Вновь и вновь я выводил этот узор на обызвествленном, горьковато пахнущем холодном полу курятника, в пыли и помете; я проковырял их сотни, этих переплетенных звезд, не обращая внимания на Уоша, который ерзал, вертелся, недовольно бубнил себе под нос: ему быстро надоедало, ведь он не мог нарисовать ничего, кроме бессмысленных загогулин.

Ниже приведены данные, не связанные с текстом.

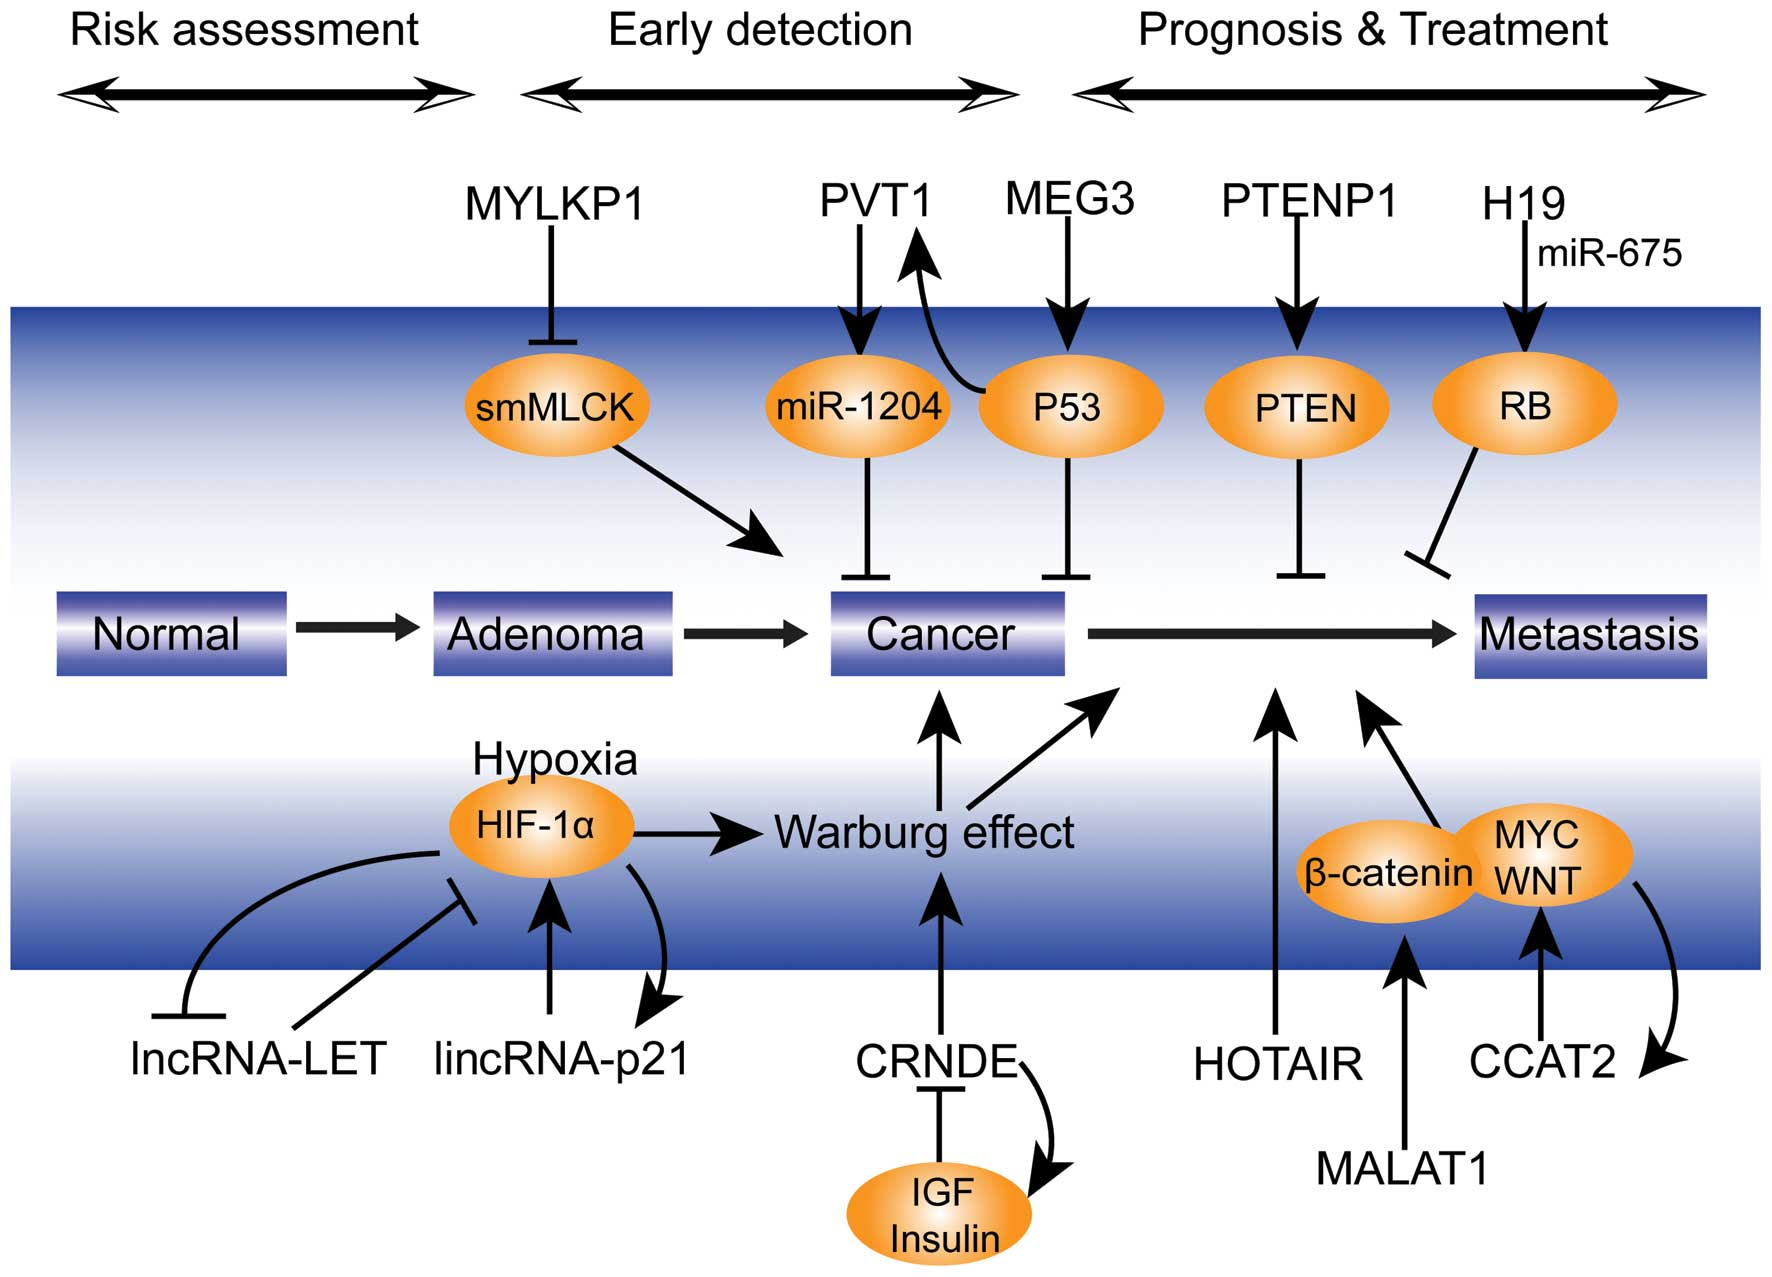 hpv-associated oropharyngeal cancer symptoms enterobiasis adalah
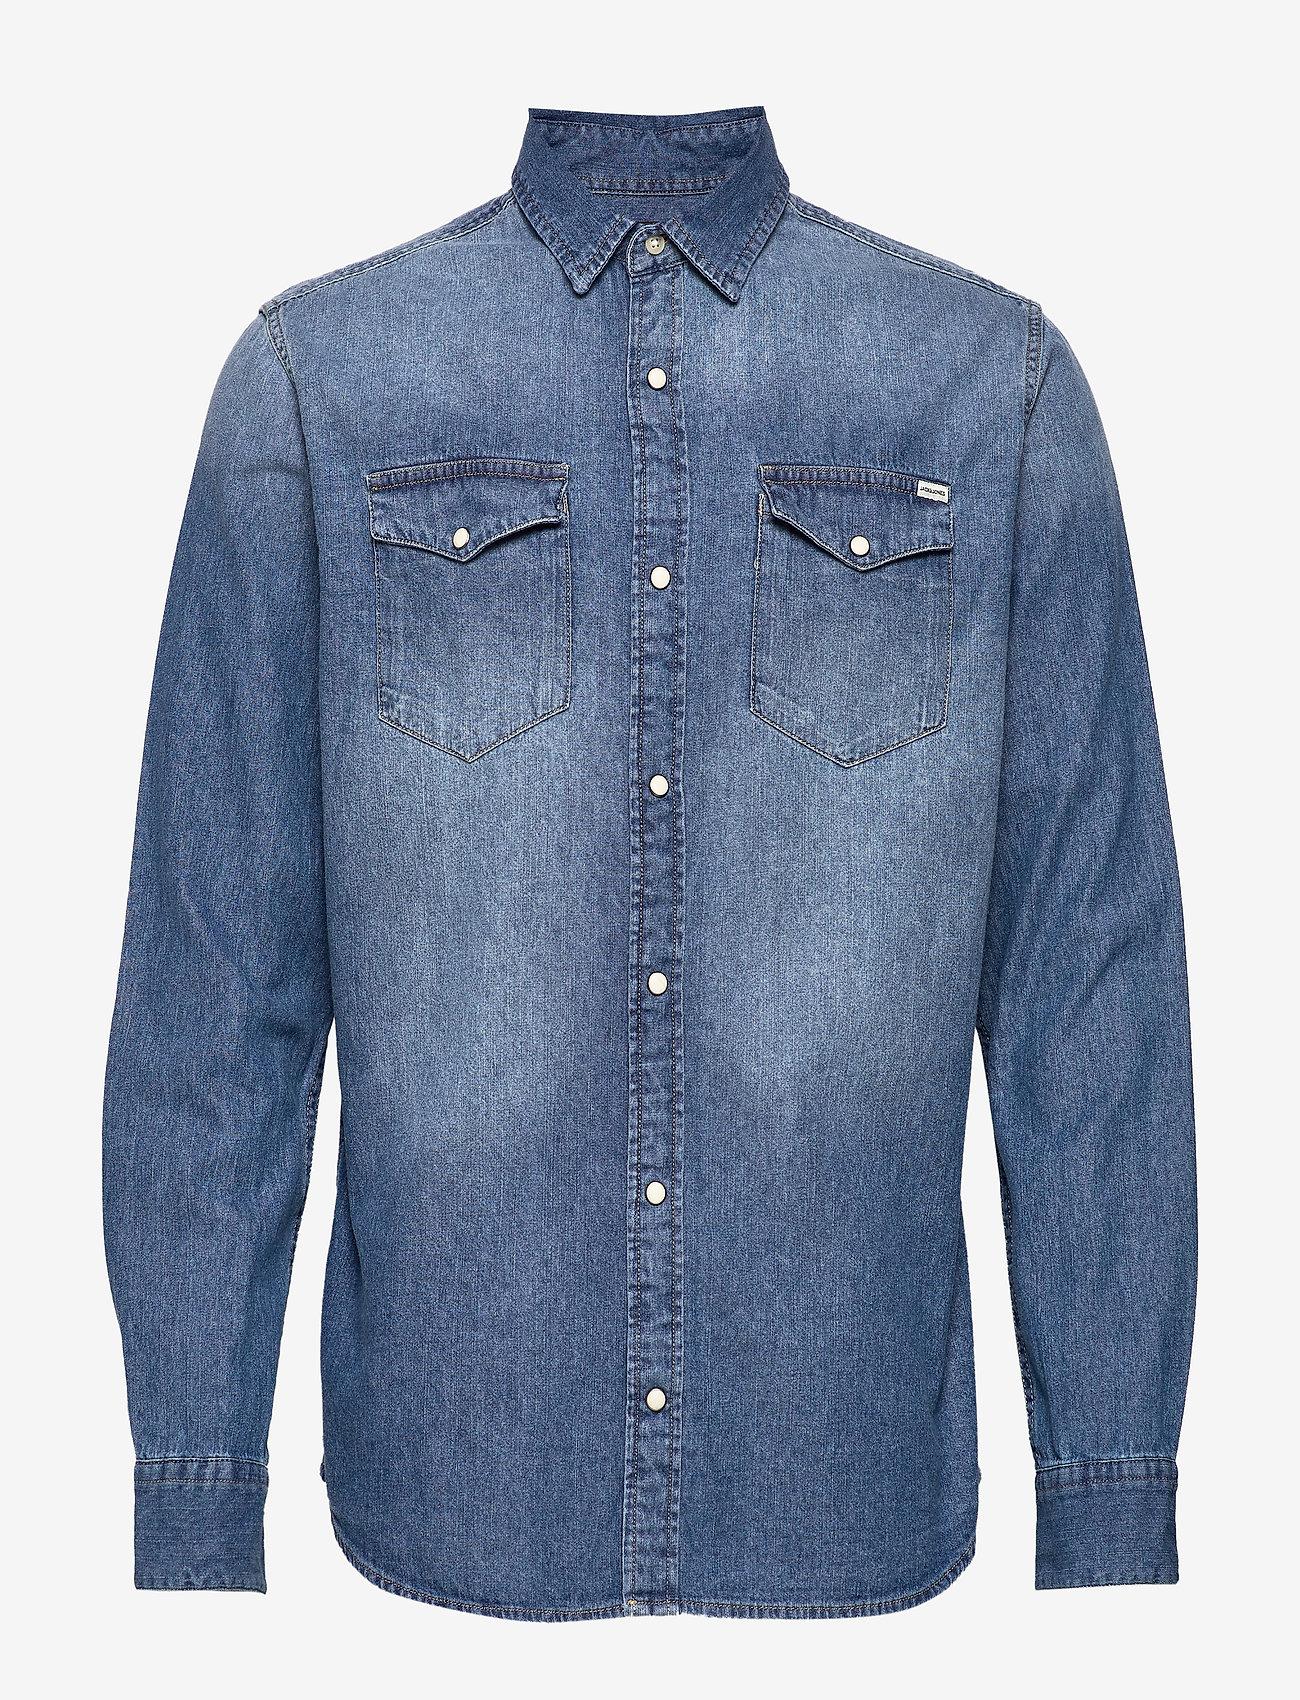 Jack & Jones - JJESHERIDAN SHIRT L/S - jeansskjortor - medium blue denim - 0

Но то было лишь подобие игры, зачаточное, не требующее мозгов, так играют и глупые котята. Став старше, я волей-неволей начинаю понимать, что Уош почти не имеет запаса слов для разговора. А я живу с белыми бок о бок и впитываю их язык каждодневно. Неустанно их подслушиваю - говор, восклицания, даже манеру смеяться, и все это без конца вибрирует, звучит в моем воображении. Мать уже дразнит меня за мое попугайское подражание белым; дразнит - но с гордостью. Уошу внятны другие звуки - даже сейчас я это понимаю - голоса негров, неуклюже пытающихся одолеть язык, которому их не учат, которого они не знают, язык, остающийся чуждым и несподручным. Из-за обедненного, ломаного языка то, как Уош изъясняется, начинает казаться мне бессмыслицей, детским лепетом, таким же путаным, как мысли в его голове; и постепенно, сам себе не отдавая в этом отчета, я уплываю прочь от бывшего приятеля, все глубже ухожу в свое молчаливое, не дающее ни на миг расслабиться мучительное и непомерное одиночество, а он остается позади, недоразвитый и позабытый.